We’ve come a long way, and learned a lot. But it is also is clear that we have a long way to go. The lessons we’ve learned can be seen in this brief report, which touch on some of the most important aspects of creating a quality report: engaging physicians and other stakeholders, using reports to spur quality improvement, selecting the right measures, and making reports consumer-friendly.

We know that transparency is not a panacea. And no, we don’t think that people having a heart attack will quickly navigate over to a website and choose a hospital from the back of an ambulance. But we do know that public information can inspire providers and purchasers to change their behavior. We also know that the health care system won’t be transformed through medical homes or accountable care organizations alone.

We have to change what it means to be a patient and consumer of health care. Making information about the quality and cost of care ubiquitous, and a routine part of the way we consume health care, can help us get there.

Anne F. Weiss, MPP, is a senior program officer at the Robert Wood Johnson Foundation and directs the Foundation’s Quality/Equality Health Care team.

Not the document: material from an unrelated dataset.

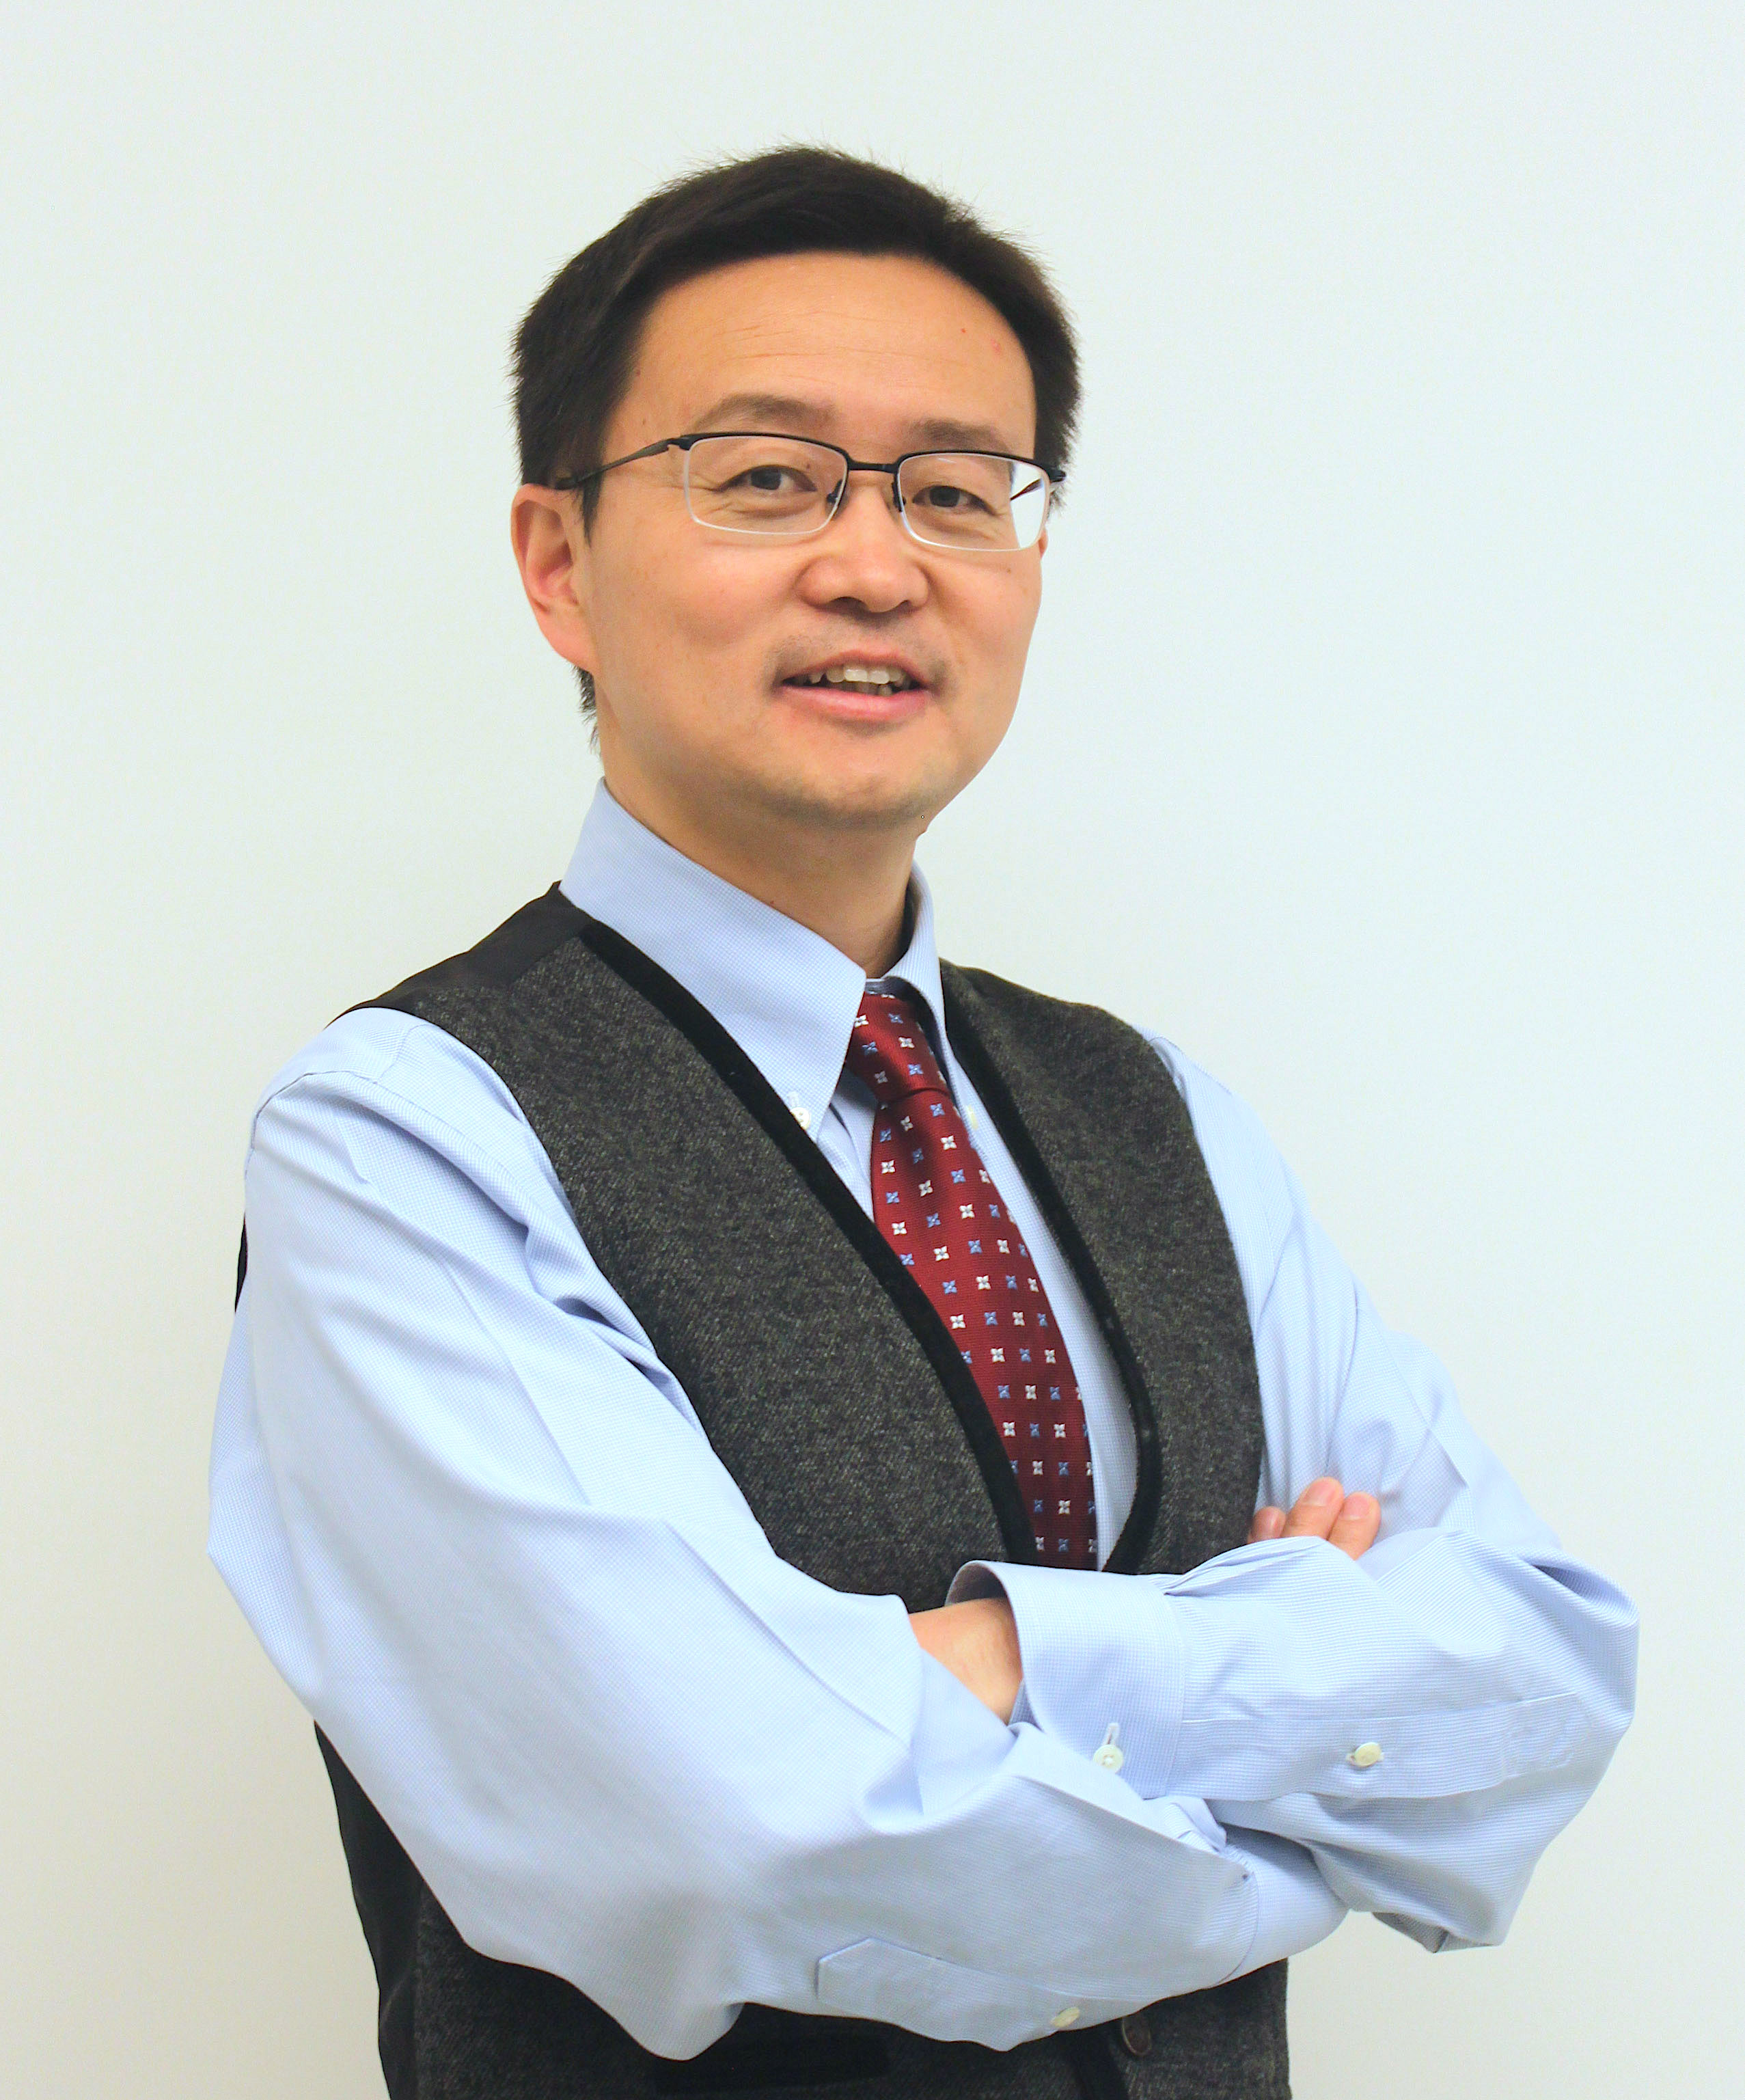 Dr. Mingnan Chen

Anne Weiss, “Transforming Care Through Transparency”, Health Affairs Blog. October 5, 2012. http://healthaffairs.org/blog/2012/10/05/transforming-care-through-transparency/

Copyright ©2010 Health Affairs by Project HOPE – The People-to-People Health Foundation, Inc.

5 replies »

  1. Yes, having patients “rate” the experience does not give a bounty of true data about the physician. If a patient has a long office wait and then the doctor does not give anti-biotis for the viral infection, the doctor may get a bad rating when indeed, should get a positive rating for practicing good medicine. Can see positive and negative things from this.

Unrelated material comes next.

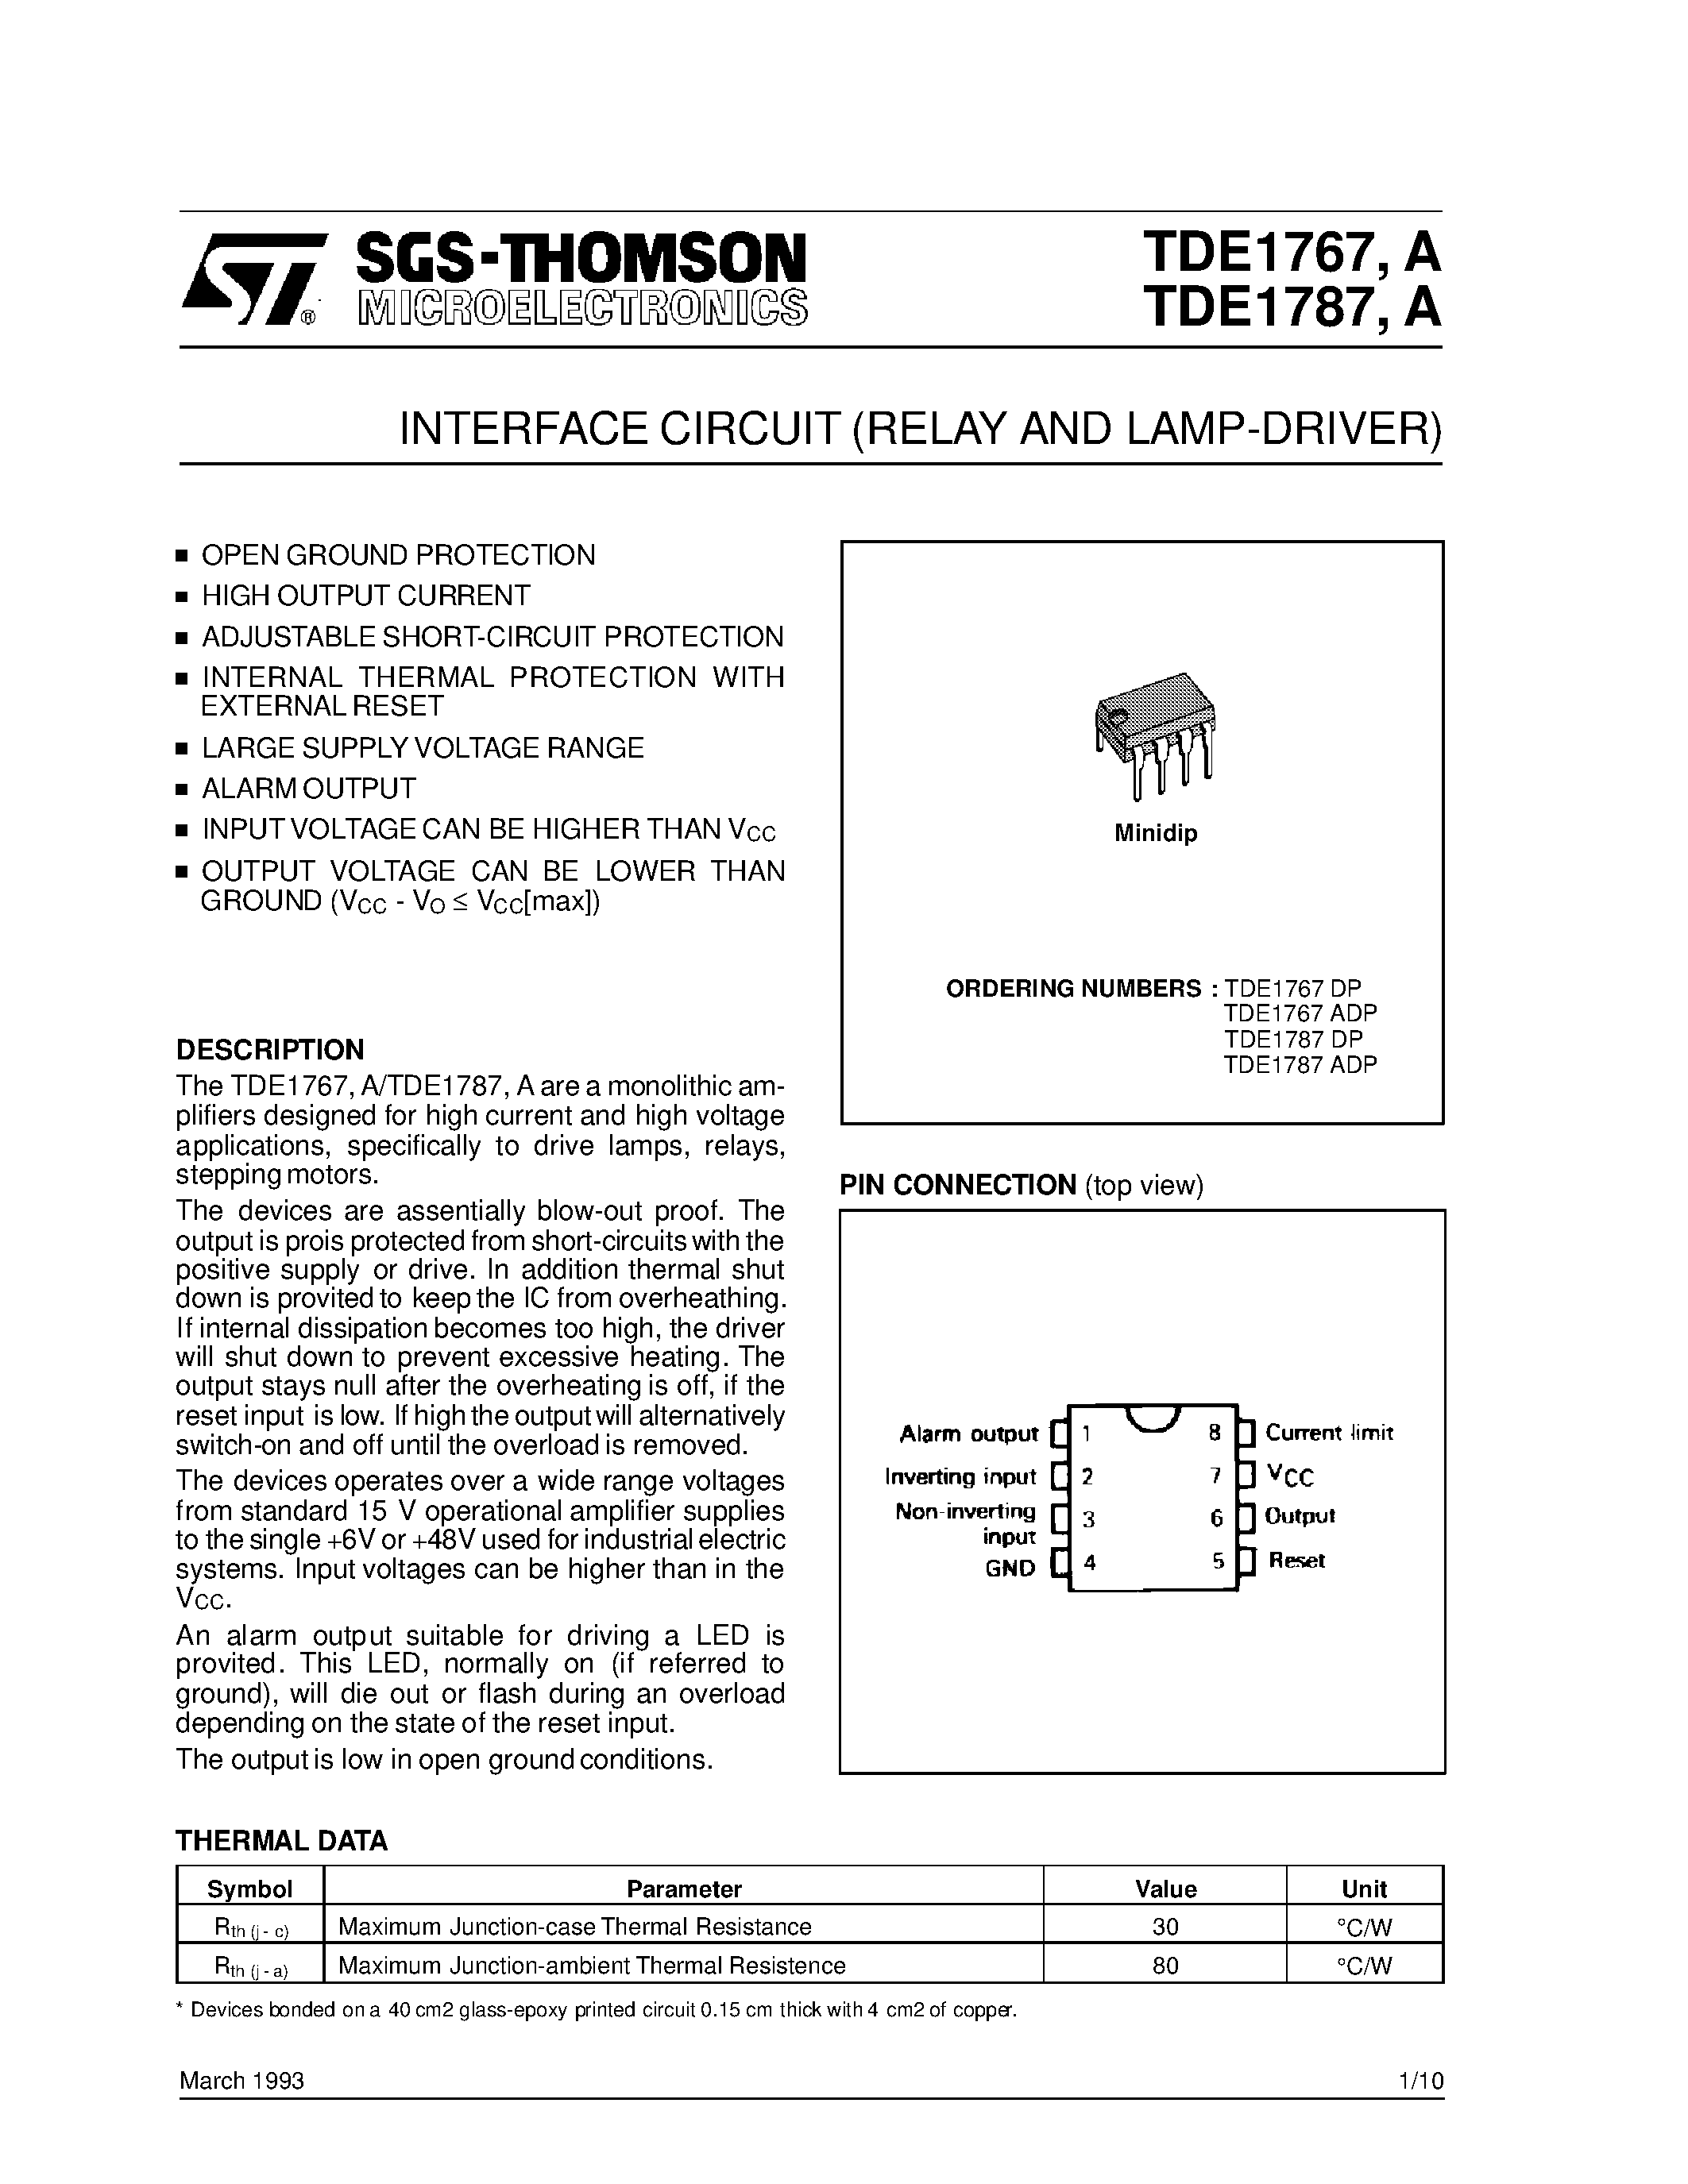 Datasheet TDE1787ADP - INTERFACE CIRCUIT RELAY AND LAMP-DRIVER page 1

  2. I understand the concerns about the patient experience parameters being used in lieu of good clinical metrics, though feel they SHOULD be reported as part of the overall picture. For every patient who gives their physician high marks because they never say no (which is why its important that AHRQ over-utilization metrics and the like are also presented to provide context), there are just as many patients who have things poorly explained, or feel rushed and unheard. I’ve watched it happen, and its happened to me.

    Aside from all that- I’m always a bit confused by the rejection of the clinical quality metrics by many practicing docs. Often I hear the organizations or government blamed for bad metrics, but when you dig in you realize that the metrics were actually created by practicing academic physicians… Are our clinical quality experts just getting it wrong, or do the rest of us just not understand the methodology behind the metrics? Would love your opinion especially MD as HELL given your comments on related posts.

  3. Thanks for sharing excellent information. Your website is very cool. This website has got really useful info on it!

  4. I don’t know. A lot of this appears to be based on patient experience and comfort parameters, and these are for the most part peripheral aspects of medical care …. I think it is important that docs communicate well and for instance, a question like: “the provider answered all the questions I find important in an understandable manner, and he/she also explained what cannot be known or is uncertain at this point” would be one valid quality parameter.

    But health care is, as I always point out, not a fun consumer experience like a restaurant visit. There are (often completely unreasonable and in part detrimental) patient expectations re. antibiotics, painkillers, disability certifications, testing – and not accomodating those expectations/requests produces very often at least immense counseling needs, if not disatisfaction. The more focus on satisfaction, the steeper the health care utilization incline and cost explosion.

  5. There is a reason why double-blinded crossover studies are done. This pile of annecdotes is nothing but social tripe. It does not qualify as “data”.